- [GIVEN MATERIAL]
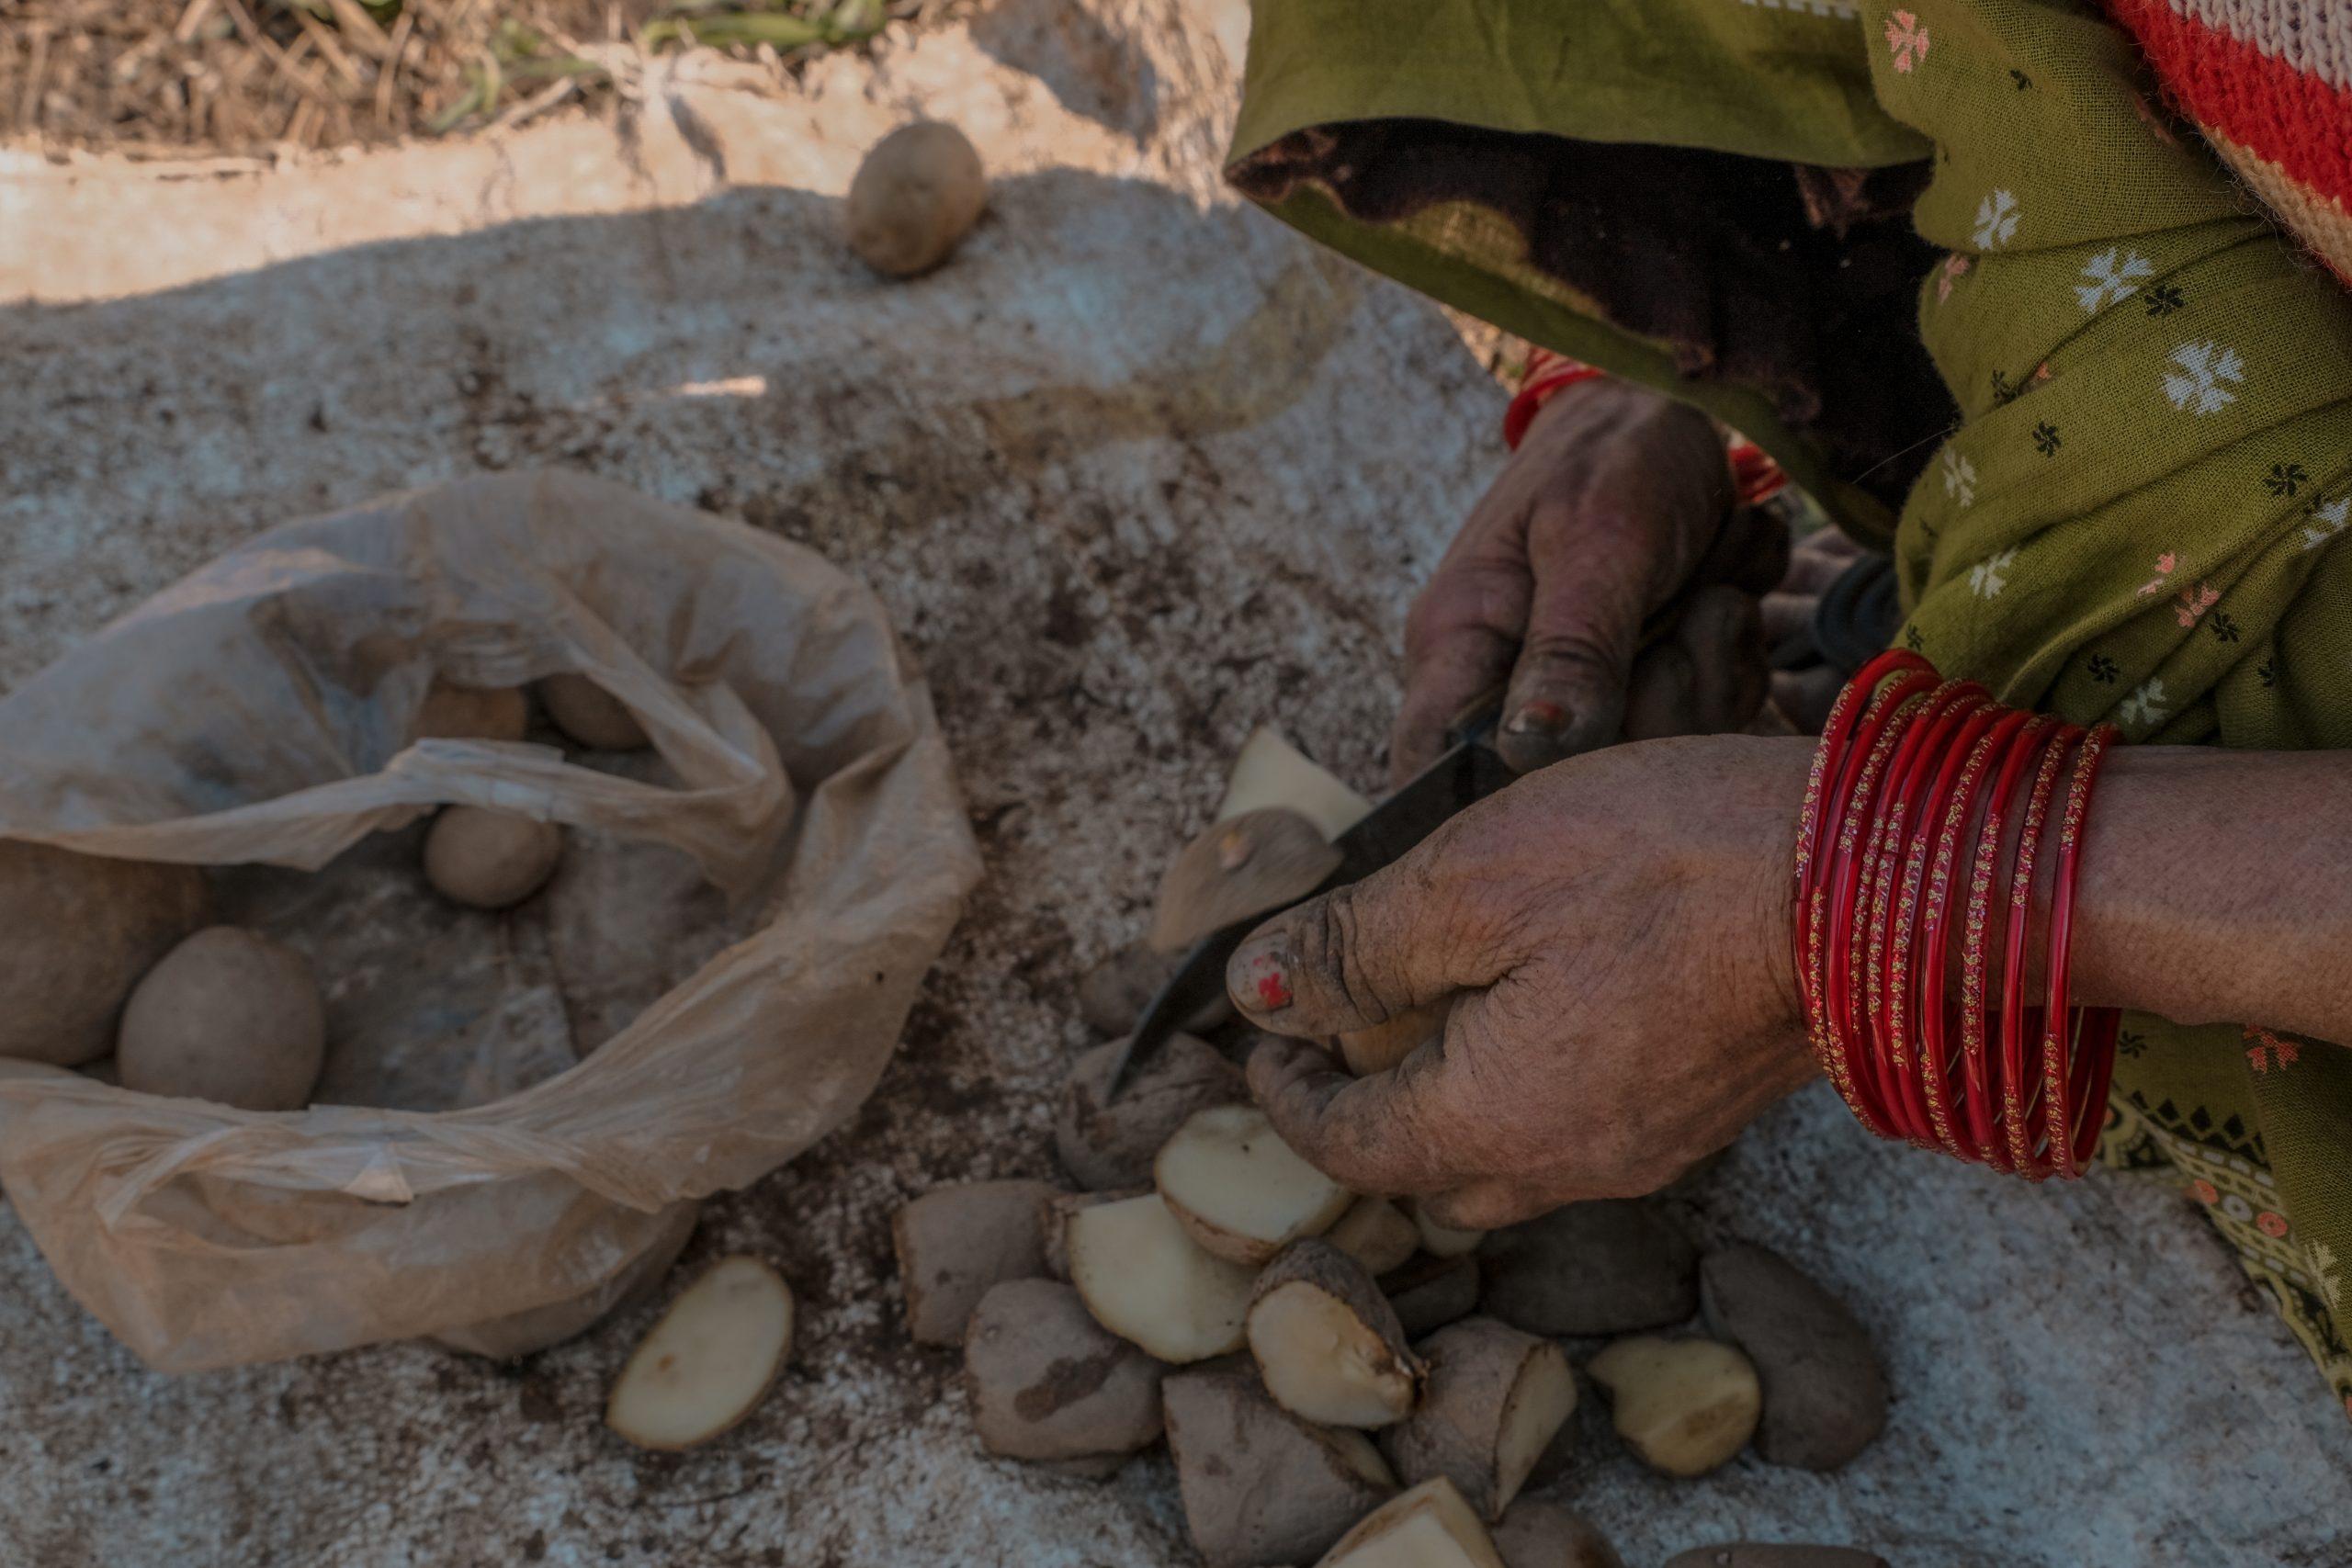 A village woman cutting potatoes
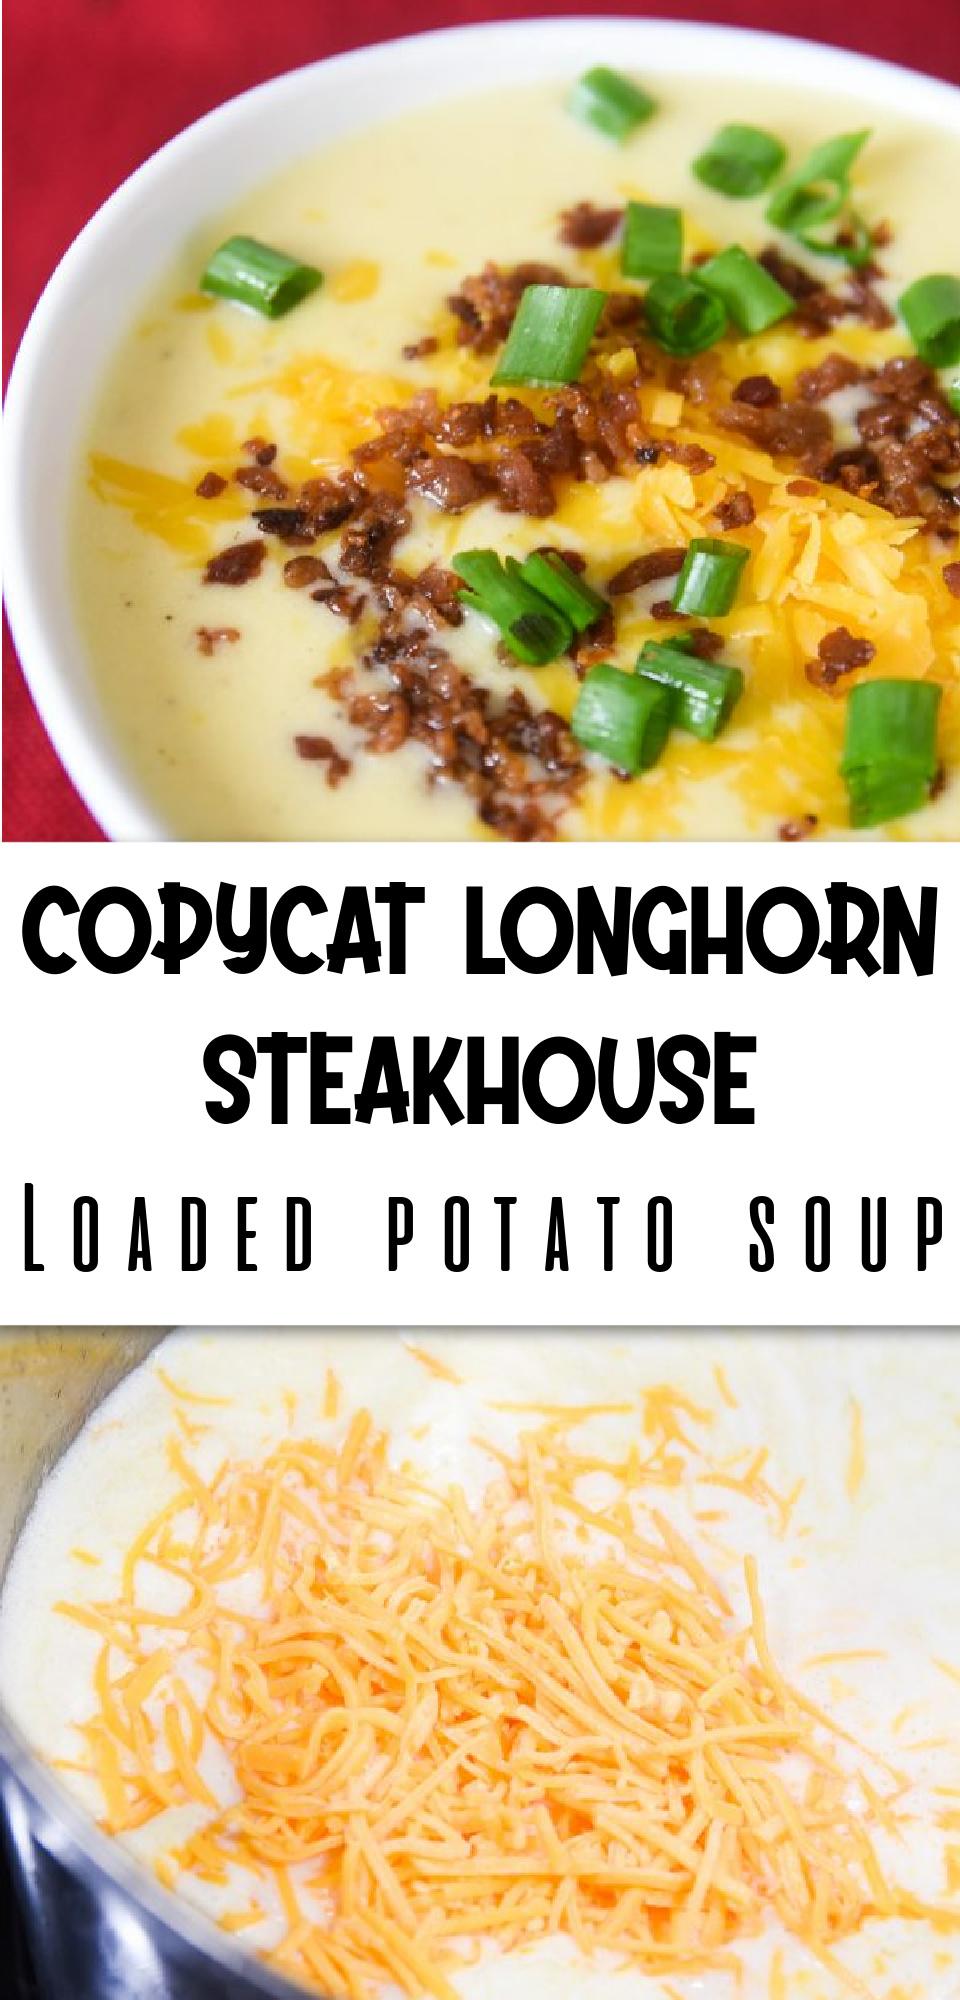 The Best Copycat Longhorn Steakhouse Loaded Potato Soup via @simplysidedishes89
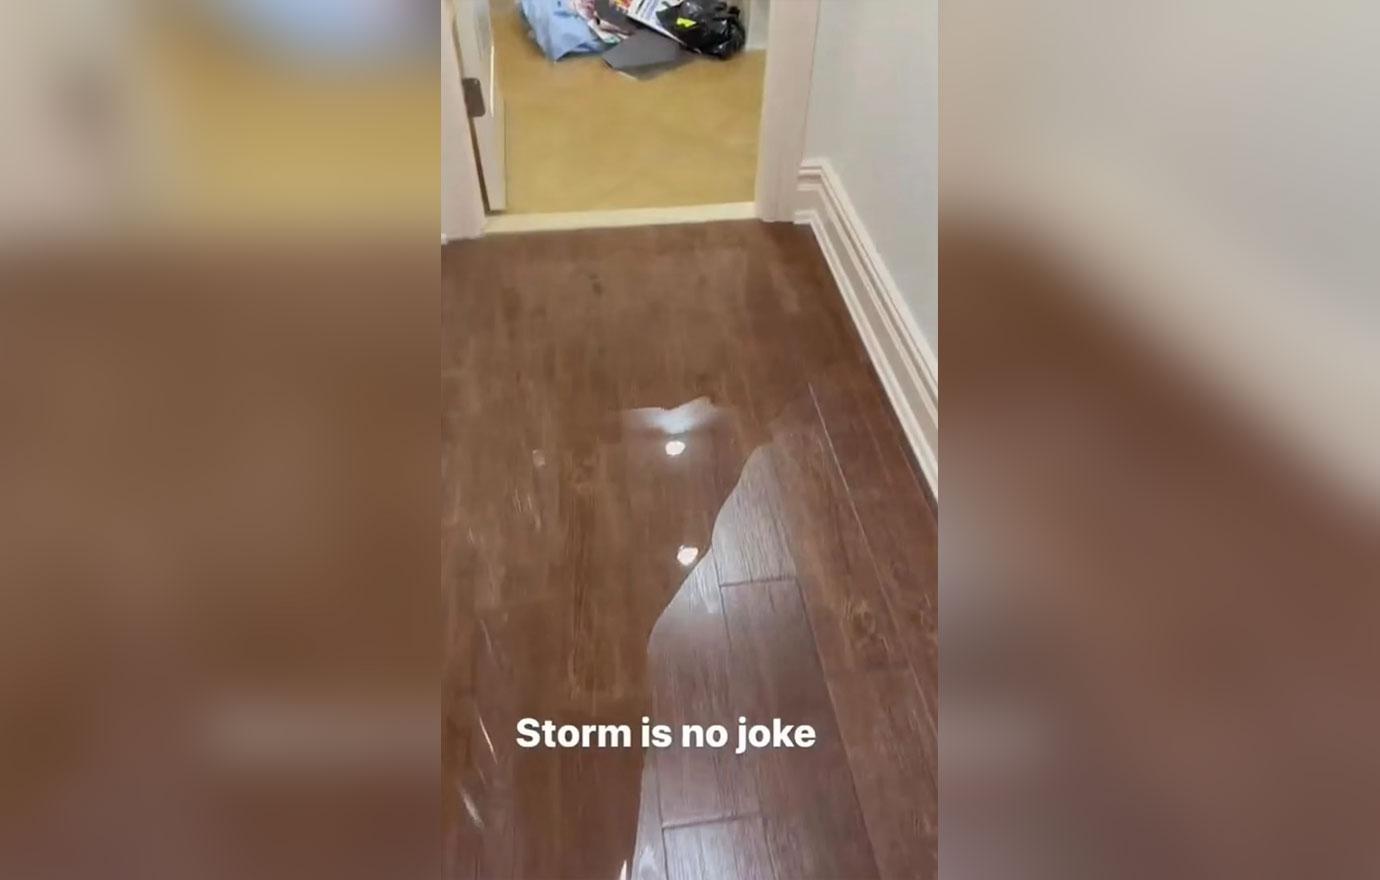 cardi b mostra que a casa dela foi inundada
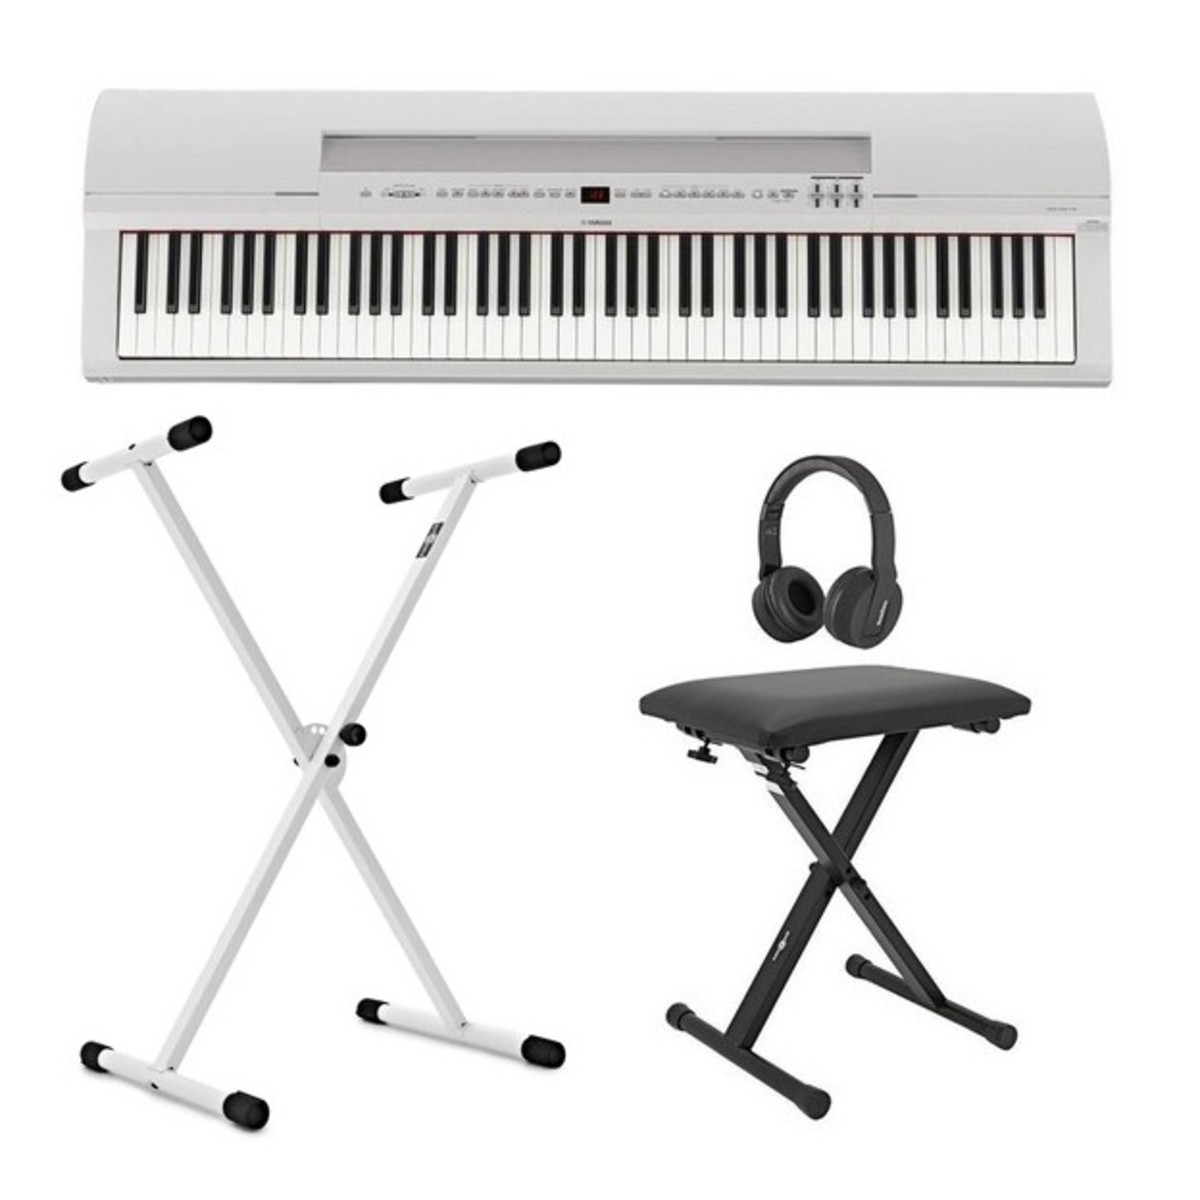 Yamaha P255 Digitalpiano, weiß, im Paket mit X-Rahmen bei Gear4music

- [EXERCISE PROMPT]
Start with the line that holds "The Best Copycat" and retype each line through the last one in the data, exactly and without pictures.

- [PROBLEM SOLUTION]
 The Best Copycat Longhorn Steakhouse Loaded Potato Soup via @simplysidedishes89
 cardi b mostra que a casa dela foi inundada
 Yamaha P255 Digitalpiano, weiß, im Paket mit X-Rahmen bei Gear4music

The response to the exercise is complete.